Immune modulatory approaches show high promise in the treatment of MDS. Given the heterogeneity of the disease, both in terms of risk stratification as well as highly variable genetic traits and the type of immune dysregulation present, it will be of utmost importance to correctly identify which patients will most likely benefit from which approach. For a small group of carefully selected low-risk MDS patients, IST with ATG shows high response rates with durable remissions and an acceptable toxicity profile. However, more recent efforts are focused on targeting the inflammatory phenotype (in particular the expanding MDSC compartment) in low-risk MDS induced through modulation of the innate immune system by targeting TLR signaling or MDSC directly through inhibition of CD33. By contrast, higher-risk MDS and AML is characterized by an immunosuppressive microenvironment and increased immune escape mechanisms allowing unchecked proliferation of immature progenitor cells. Thus, T cell directed therapies such as checkpoint modulation in combination with HMA or bispecific T cell engager antibody therapies to reverse immunosuppression and activate T cell responses are novel treatment options currently being investigated for this group of patients.
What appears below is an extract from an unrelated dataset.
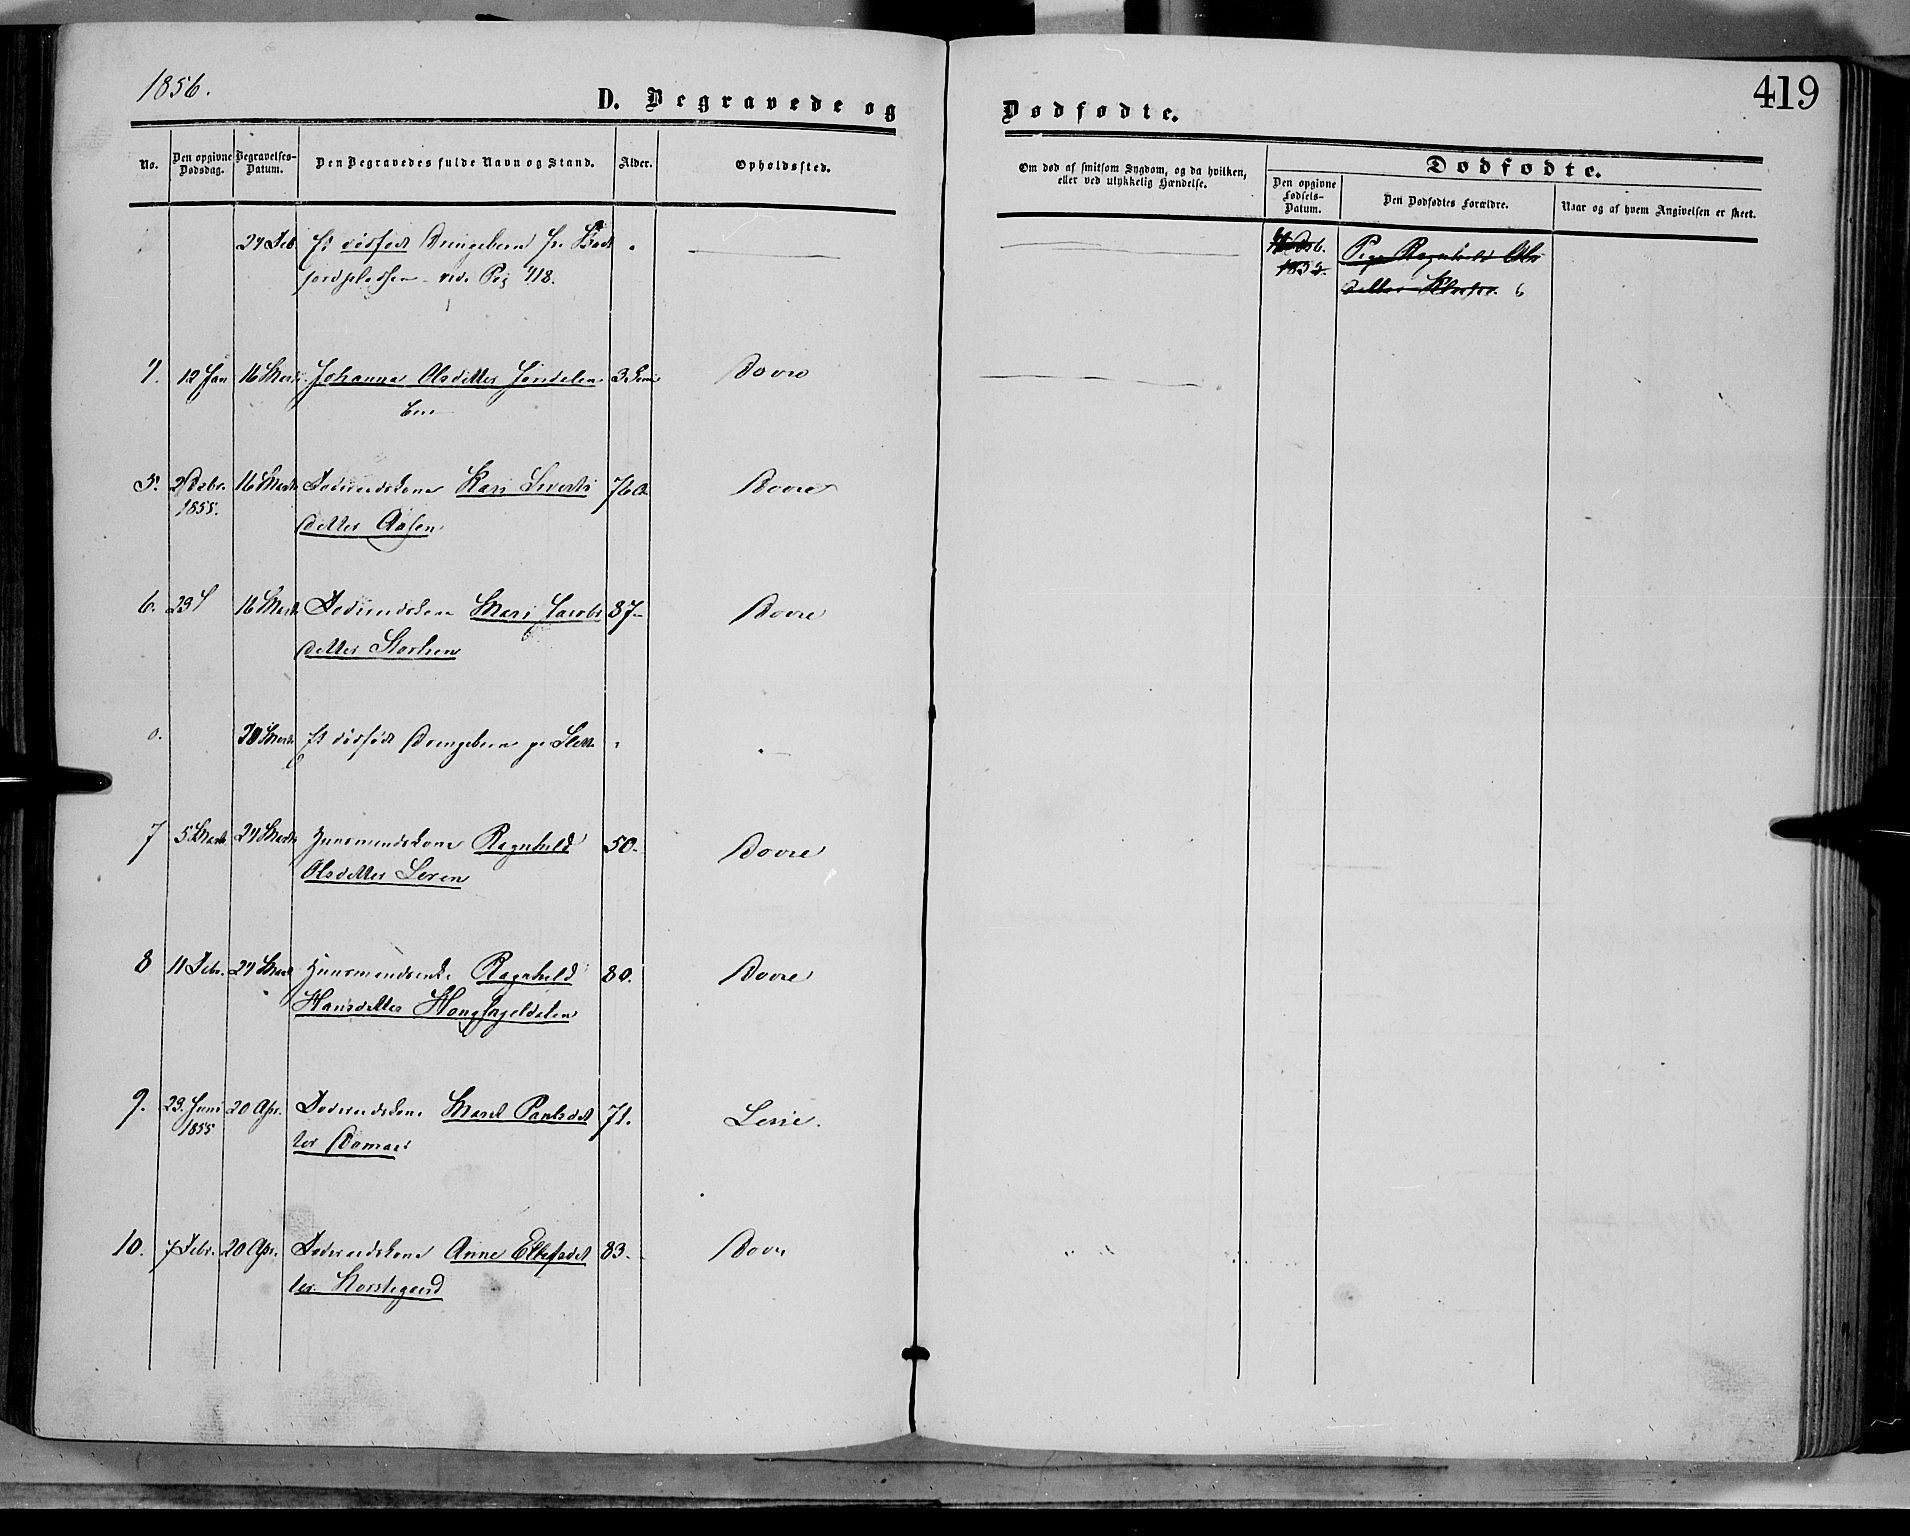 SAH, Dovre prestekontor, Ministerialbok nr. 1, 1854-1878, s. 419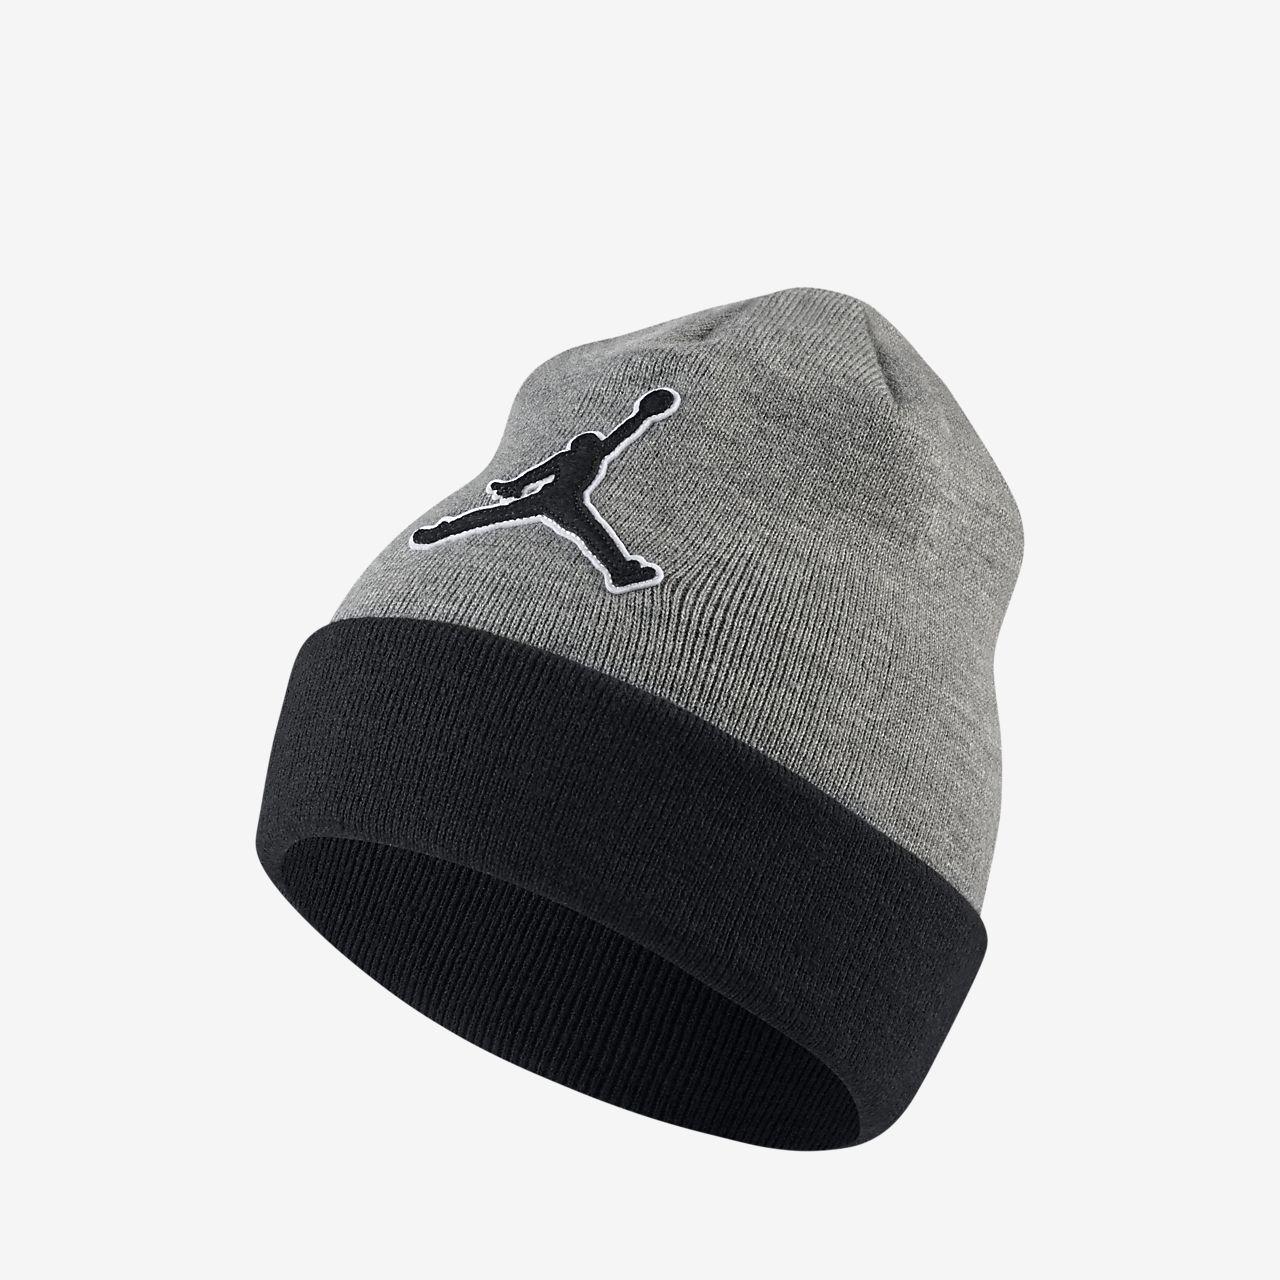 3bd323bed8689d ... cheap jordan graphic knit hat 2ef5a b2b56

The ideal target for bispecific T cell engager antibodies in myeloid disease has yet to be determined, but CD33 as well as CD123 seem to hold promise in patients with AML as well as MDS with high-risk features such as elevated blast counts.

As most of the clinical trials are still in their early stages, experience with these approaches for MDS is currently limited. Thus, critical issues such as optimal combination, dosing and scheduling of agents as well as identification of patient populations most likely to benefit from immune modulatory therapies remain to be answered by the currently ongoing clinical trials.